What the task asks: Print, please, exactly the lines from the one with "Appartamento in vendita" through the final line of the data below, with both ends included and the pictures left out.

Data shown:
::::::::

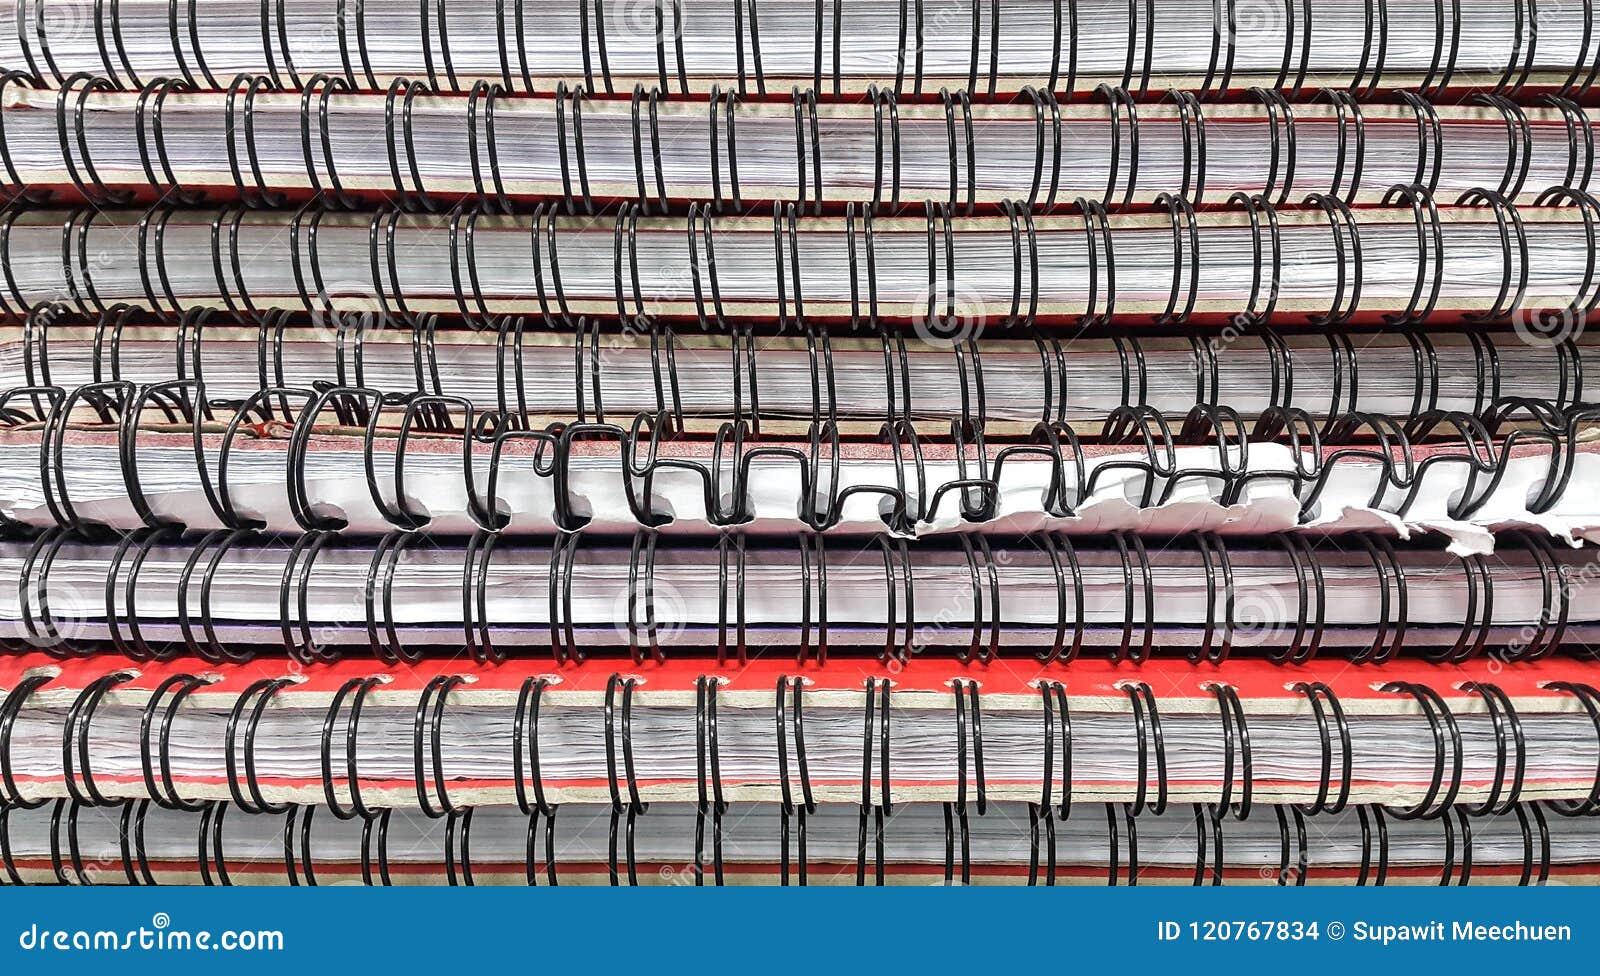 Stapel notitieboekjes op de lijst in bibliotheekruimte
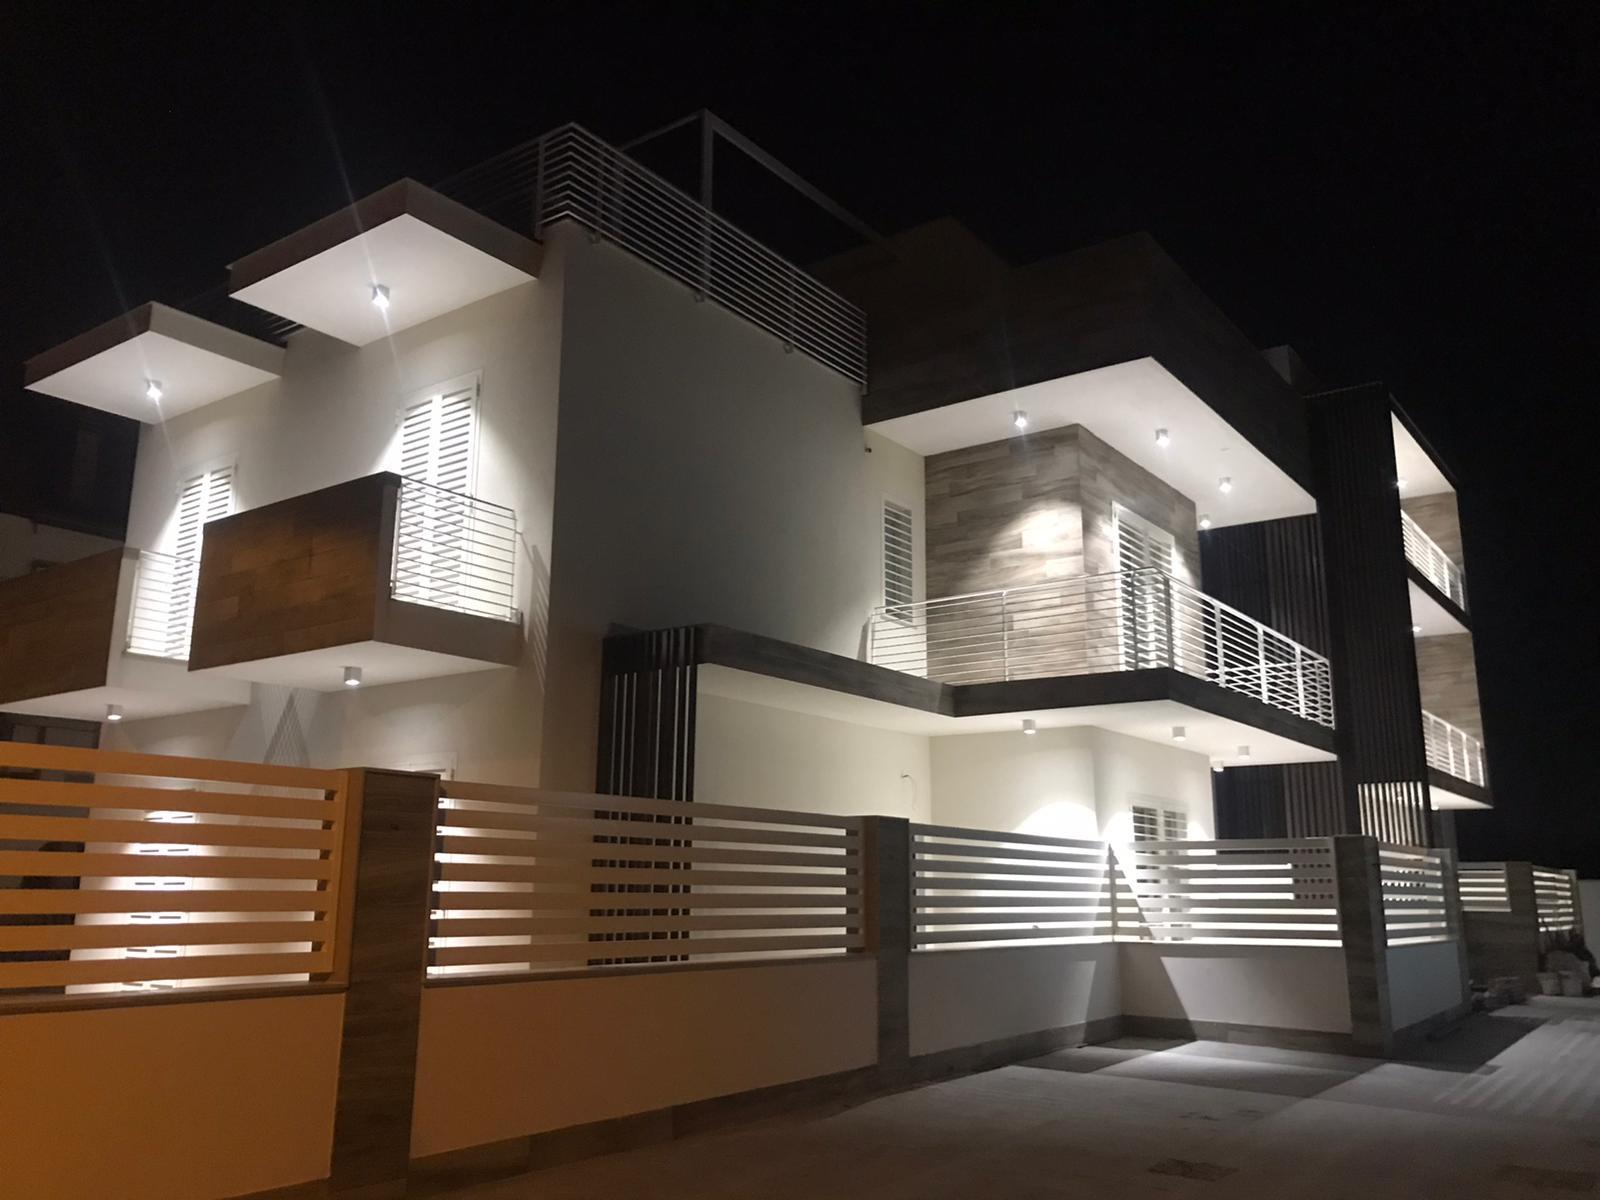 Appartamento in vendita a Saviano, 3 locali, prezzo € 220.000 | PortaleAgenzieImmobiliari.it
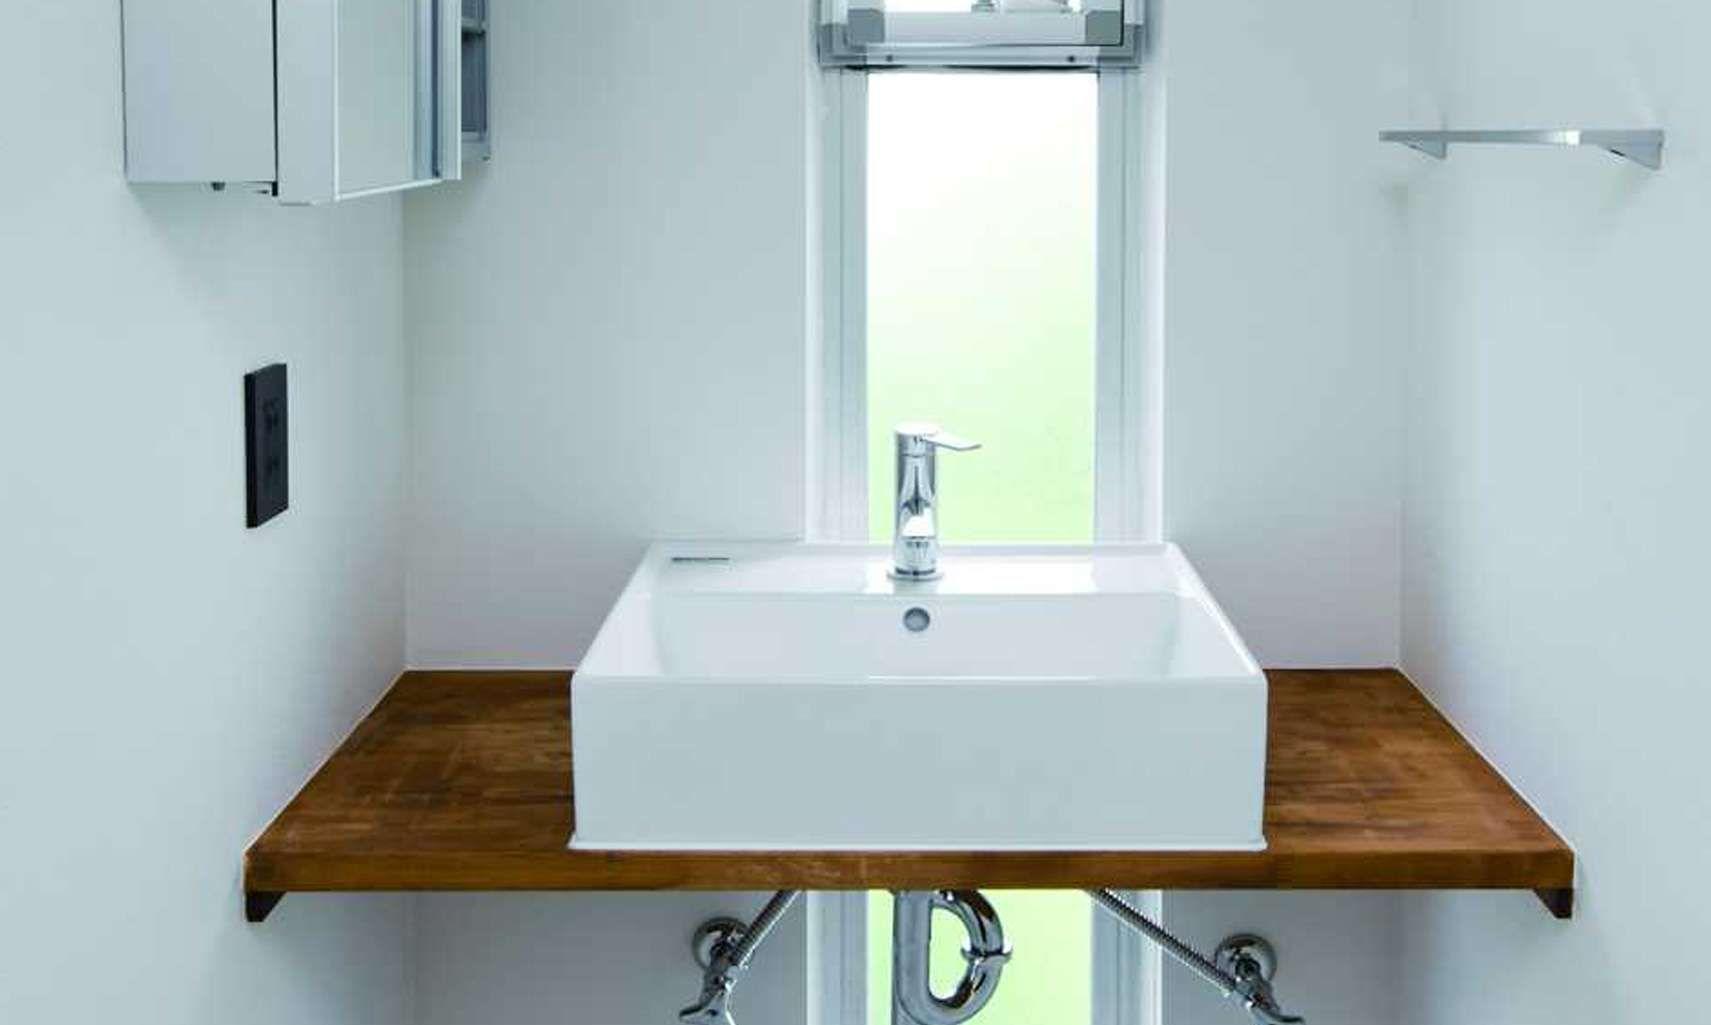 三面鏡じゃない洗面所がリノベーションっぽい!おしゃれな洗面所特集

::::::::

Written solution:
 Appartamento in vendita a Saviano, 3 locali, prezzo € 220.000 | PortaleAgenzieImmobiliari.it
 三面鏡じゃない洗面所がリノベーションっぽい!おしゃれな洗面所特集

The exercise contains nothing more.